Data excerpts
◆ ◆ ◆ ◆

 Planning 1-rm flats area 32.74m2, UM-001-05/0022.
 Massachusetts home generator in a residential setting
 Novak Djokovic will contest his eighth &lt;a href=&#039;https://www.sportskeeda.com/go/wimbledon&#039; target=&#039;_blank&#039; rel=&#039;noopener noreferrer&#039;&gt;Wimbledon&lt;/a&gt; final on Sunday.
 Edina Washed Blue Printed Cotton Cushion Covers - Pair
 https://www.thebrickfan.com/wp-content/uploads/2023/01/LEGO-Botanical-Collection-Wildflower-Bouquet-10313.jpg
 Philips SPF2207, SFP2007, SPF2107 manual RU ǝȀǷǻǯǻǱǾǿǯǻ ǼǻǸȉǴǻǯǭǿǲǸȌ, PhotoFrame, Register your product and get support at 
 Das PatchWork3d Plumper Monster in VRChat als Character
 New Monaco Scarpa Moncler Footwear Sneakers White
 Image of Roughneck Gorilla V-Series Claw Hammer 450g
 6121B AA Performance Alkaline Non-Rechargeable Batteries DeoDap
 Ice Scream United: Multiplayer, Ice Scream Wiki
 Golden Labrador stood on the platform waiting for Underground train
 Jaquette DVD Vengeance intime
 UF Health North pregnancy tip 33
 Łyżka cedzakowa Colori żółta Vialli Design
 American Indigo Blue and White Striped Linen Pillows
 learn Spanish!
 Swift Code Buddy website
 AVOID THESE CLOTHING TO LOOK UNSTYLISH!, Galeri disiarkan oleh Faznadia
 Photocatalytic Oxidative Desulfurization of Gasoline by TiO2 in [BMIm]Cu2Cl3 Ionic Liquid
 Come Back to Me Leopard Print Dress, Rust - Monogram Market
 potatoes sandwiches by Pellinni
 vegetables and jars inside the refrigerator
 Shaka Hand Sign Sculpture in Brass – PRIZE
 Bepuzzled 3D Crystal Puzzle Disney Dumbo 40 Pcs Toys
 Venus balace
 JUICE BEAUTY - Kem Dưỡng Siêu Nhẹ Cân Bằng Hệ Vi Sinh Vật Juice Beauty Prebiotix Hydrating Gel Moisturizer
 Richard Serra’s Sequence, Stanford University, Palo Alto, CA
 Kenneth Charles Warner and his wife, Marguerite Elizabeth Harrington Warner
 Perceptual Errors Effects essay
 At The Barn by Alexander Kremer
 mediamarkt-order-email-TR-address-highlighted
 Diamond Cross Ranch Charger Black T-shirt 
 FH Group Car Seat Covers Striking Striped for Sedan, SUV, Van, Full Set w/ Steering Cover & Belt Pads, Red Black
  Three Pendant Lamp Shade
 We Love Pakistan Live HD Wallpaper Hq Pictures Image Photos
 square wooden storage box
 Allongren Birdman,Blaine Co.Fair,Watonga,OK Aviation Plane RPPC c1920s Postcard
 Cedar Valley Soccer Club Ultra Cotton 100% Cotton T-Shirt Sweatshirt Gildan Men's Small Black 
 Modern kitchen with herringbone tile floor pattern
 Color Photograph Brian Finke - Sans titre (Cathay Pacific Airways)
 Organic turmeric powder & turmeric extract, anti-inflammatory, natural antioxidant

◆ ◆ ◆ ◆

Give the entries again in full, exactly as they were written above.

 Planning 1-rm flats area 32.74m2, UM-001-05/0022.
 Massachusetts home generator in a residential setting
 Novak Djokovic will contest his eighth &lt;a href=&#039;https://www.sportskeeda.com/go/wimbledon&#039; target=&#039;_blank&#039; rel=&#039;noopener noreferrer&#039;&gt;Wimbledon&lt;/a&gt; final on Sunday.
 Edina Washed Blue Printed Cotton Cushion Covers - Pair
 https://www.thebrickfan.com/wp-content/uploads/2023/01/LEGO-Botanical-Collection-Wildflower-Bouquet-10313.jpg
 Philips SPF2207, SFP2007, SPF2107 manual RU ǝȀǷǻǯǻǱǾǿǯǻ ǼǻǸȉǴǻǯǭǿǲǸȌ, PhotoFrame, Register your product and get support at 
 Das PatchWork3d Plumper Monster in VRChat als Character
 New Monaco Scarpa Moncler Footwear Sneakers White
 Image of Roughneck Gorilla V-Series Claw Hammer 450g
 6121B AA Performance Alkaline Non-Rechargeable Batteries DeoDap
 Ice Scream United: Multiplayer, Ice Scream Wiki
 Golden Labrador stood on the platform waiting for Underground train
 Jaquette DVD Vengeance intime
 UF Health North pregnancy tip 33
 Łyżka cedzakowa Colori żółta Vialli Design
 American Indigo Blue and White Striped Linen Pillows
 learn Spanish!
 Swift Code Buddy website
 AVOID THESE CLOTHING TO LOOK UNSTYLISH!, Galeri disiarkan oleh Faznadia
 Photocatalytic Oxidative Desulfurization of Gasoline by TiO2 in [BMIm]Cu2Cl3 Ionic Liquid
 Come Back to Me Leopard Print Dress, Rust - Monogram Market
 potatoes sandwiches by Pellinni
 vegetables and jars inside the refrigerator
 Shaka Hand Sign Sculpture in Brass – PRIZE
 Bepuzzled 3D Crystal Puzzle Disney Dumbo 40 Pcs Toys
 Venus balace
 JUICE BEAUTY - Kem Dưỡng Siêu Nhẹ Cân Bằng Hệ Vi Sinh Vật Juice Beauty Prebiotix Hydrating Gel Moisturizer
 Richard Serra’s Sequence, Stanford University, Palo Alto, CA
 Kenneth Charles Warner and his wife, Marguerite Elizabeth Harrington Warner
 Perceptual Errors Effects essay
 At The Barn by Alexander Kremer
 mediamarkt-order-email-TR-address-highlighted
 Diamond Cross Ranch Charger Black T-shirt 
 FH Group Car Seat Covers Striking Striped for Sedan, SUV, Van, Full Set w/ Steering Cover & Belt Pads, Red Black
  Three Pendant Lamp Shade
 We Love Pakistan Live HD Wallpaper Hq Pictures Image Photos
 square wooden storage box
 Allongren Birdman,Blaine Co.Fair,Watonga,OK Aviation Plane RPPC c1920s Postcard
 Cedar Valley Soccer Club Ultra Cotton 100% Cotton T-Shirt Sweatshirt Gildan Men's Small Black 
 Modern kitchen with herringbone tile floor pattern
 Color Photograph Brian Finke - Sans titre (Cathay Pacific Airways)
 Organic turmeric powder & turmeric extract, anti-inflammatory, natural antioxidant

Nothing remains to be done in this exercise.